8. BPF Sample: Measure Completion Usefulness
If I only got to ship one part of this design quickly, it might be the tracing. Better policy gets easier once the measurements stop lying.
struct flow_key {
u32 flow_id;
u32 pid;
};
struct flow_state {
u64 issue_ns;
u64 complete_ns;
u64 wake_ns;
u32 complete_cpu;
u32 wake_cpu;
};
struct {
__uint(type, BPF_MAP_TYPE_HASH);
__type(key, struct flow_key);
__type(value, struct flow_state);
__uint(max_entries, 16384);
} flows SEC(".maps");
SEC("tracepoint/block/block_rq_complete")
int tp_block_complete(struct trace_event_raw_block_rq_complete *ctx)
{
struct flow_key key = {};
struct flow_state *st;
key.flow_id = extract_flow_id(ctx);
key.pid = bpf_get_current_pid_tgid() >> 32;
st = bpf_map_lookup_elem(&flows, &key);
if (!st)
return 0;
st->complete_ns = bpf_ktime_get_ns();
st->complete_cpu = bpf_get_smp_processor_id();
return 0;
}
SEC("tracepoint/sched/sched_wakeup")
int tp_sched_wakeup(struct trace_event_raw_sched_wakeup *ctx)
{
struct flow_key key = {};
struct flow_state *st;
key.flow_id = lookup_flow_id_for_pid(ctx->pid);
key.pid = ctx->pid;
st = bpf_map_lookup_elem(&flows, &key);
if (!st)
return 0;
st->wake_ns = bpf_ktime_get_ns();
st->wake_cpu = bpf_get_smp_processor_id();
return 0;
}
derived:
useful_completion_ns = wake_ns - complete_ns
remote_completion = (complete_cpu != wake_cpu)

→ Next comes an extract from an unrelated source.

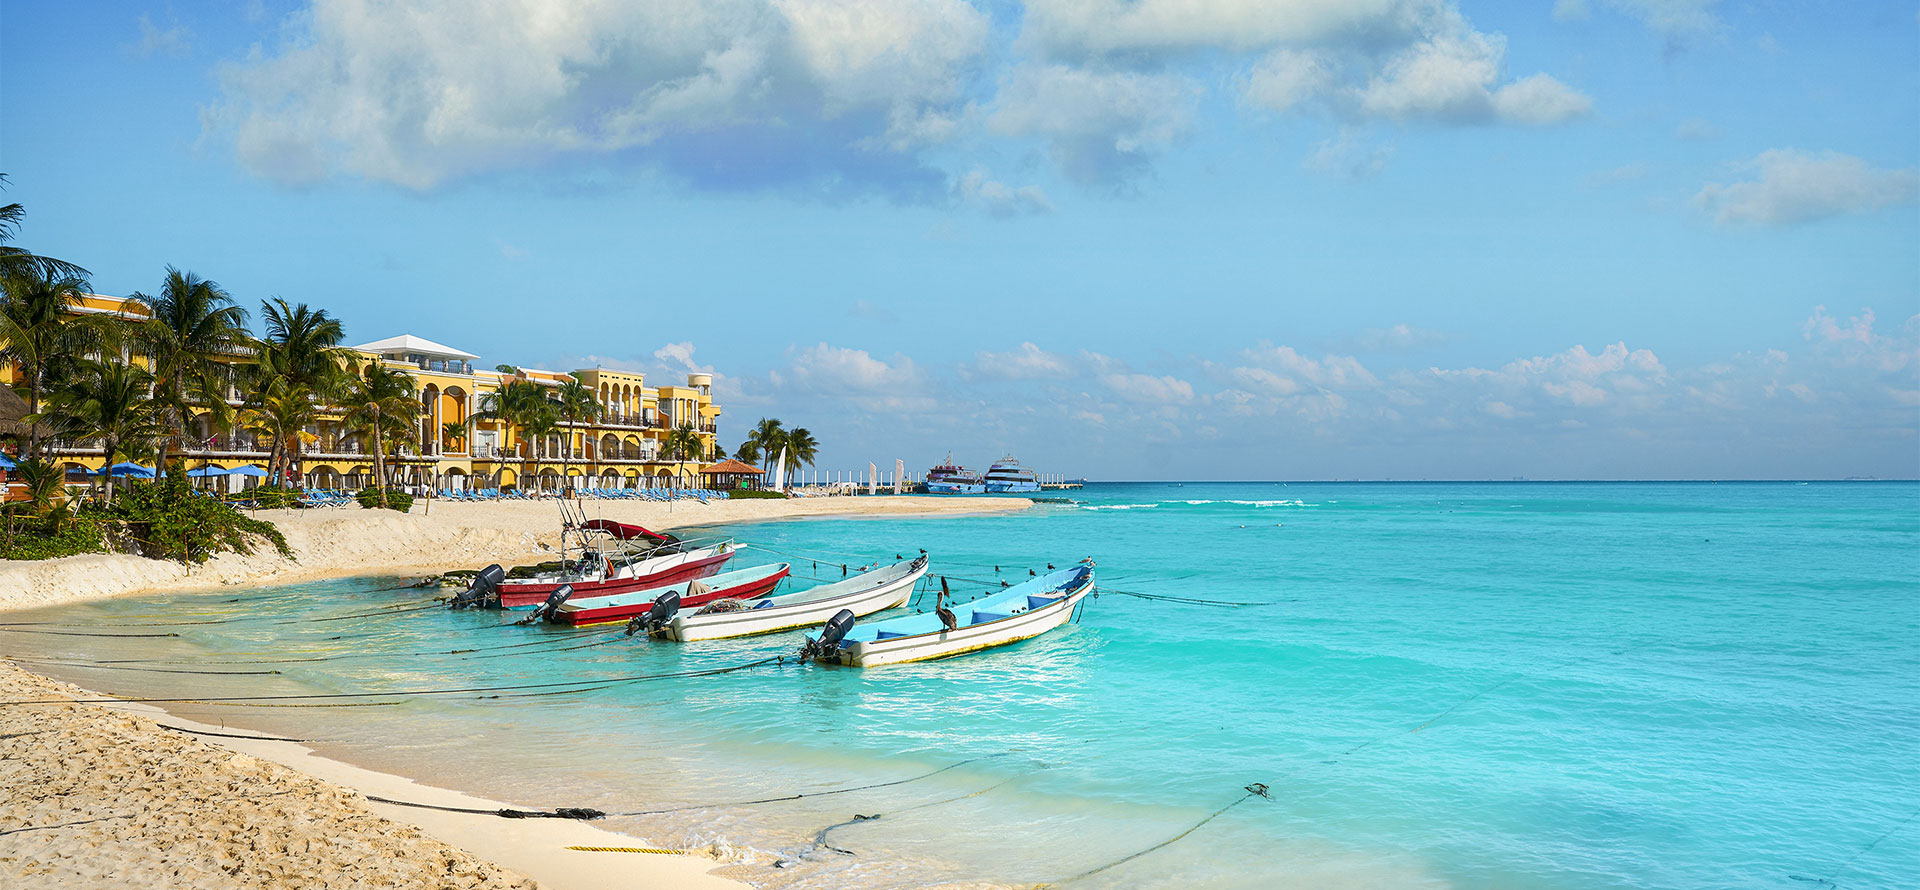 Playa del carmen all inclusive family resort with boat.

locality_debt = oncpu_ns - wake_ns
That is the metric story the architecture needs. Not “average disk latency.” Not “CQ depth.” Measure how long it took for a completion to become actionable by the next consumer.
Warning: if your tracing can only tell you the media was done, it is still blind to a large fraction of the problem.
9. How I Would Stage a Real Patch Queue
| Phase | Change | Why it should land first |
|---|---|---|
| 1 | BPF tracing keyed by flow identity and consumer PID | Proves whether locality and bounded batching are actually a problem on the target fleet |
| 2 | io_uring hint propagation into block request metadata | Minimal path to attach submission-side intent to real I/O |
| 3 | blk-mq completion steering with bounded deferral bypass | Moves the critical-path policy decision into the place where it can matter |
| 4 | NVMe queue locality mode and optional IRQ affinity shaping | Prevents lower layers from destroying locality before the block layer can recover it |
| 5 | RDMA flow reuse state and CQ locality hints | Turns transport from a stateless mechanism into part of the same policy loop |
10. What I Deliberately Left Out
I left out a lot of complications on purpose: full locking rules, precise queue lifetime semantics, backpressure interaction, multipath, device reset behavior, IOMMU invalidation details, and NUMA page-cache steering. Those are all real. But the point of a sample essay is to pin down the skeleton before drowning in edge cases.
- I did not attempt an upstream-quality API.
- I did not assume one universal queue-selection rule.
- I did not hide the fact that some policies belong in userspace and some in the kernel.
- I did not claim these hooks solve storage-to-GPU feeding by themselves.
What the samples do show is that the previous two essays can be translated into real touch points in Linux, not just architecture rhetoric.
11. Final View
The biggest gap in AI storage and RDMA today is not the absence of mechanisms. It is the absence of a shared identity that can survive from submission through completion, wakeup, and reuse. Once that identity exists, the code paths that need to consult it become surprisingly obvious: block completion, queue affinity, CQE visibility, registration caches, and tracepoints.
The short version: if you cannot point to the struct, the call site, and the tracepoint, then the policy probably is not real yet.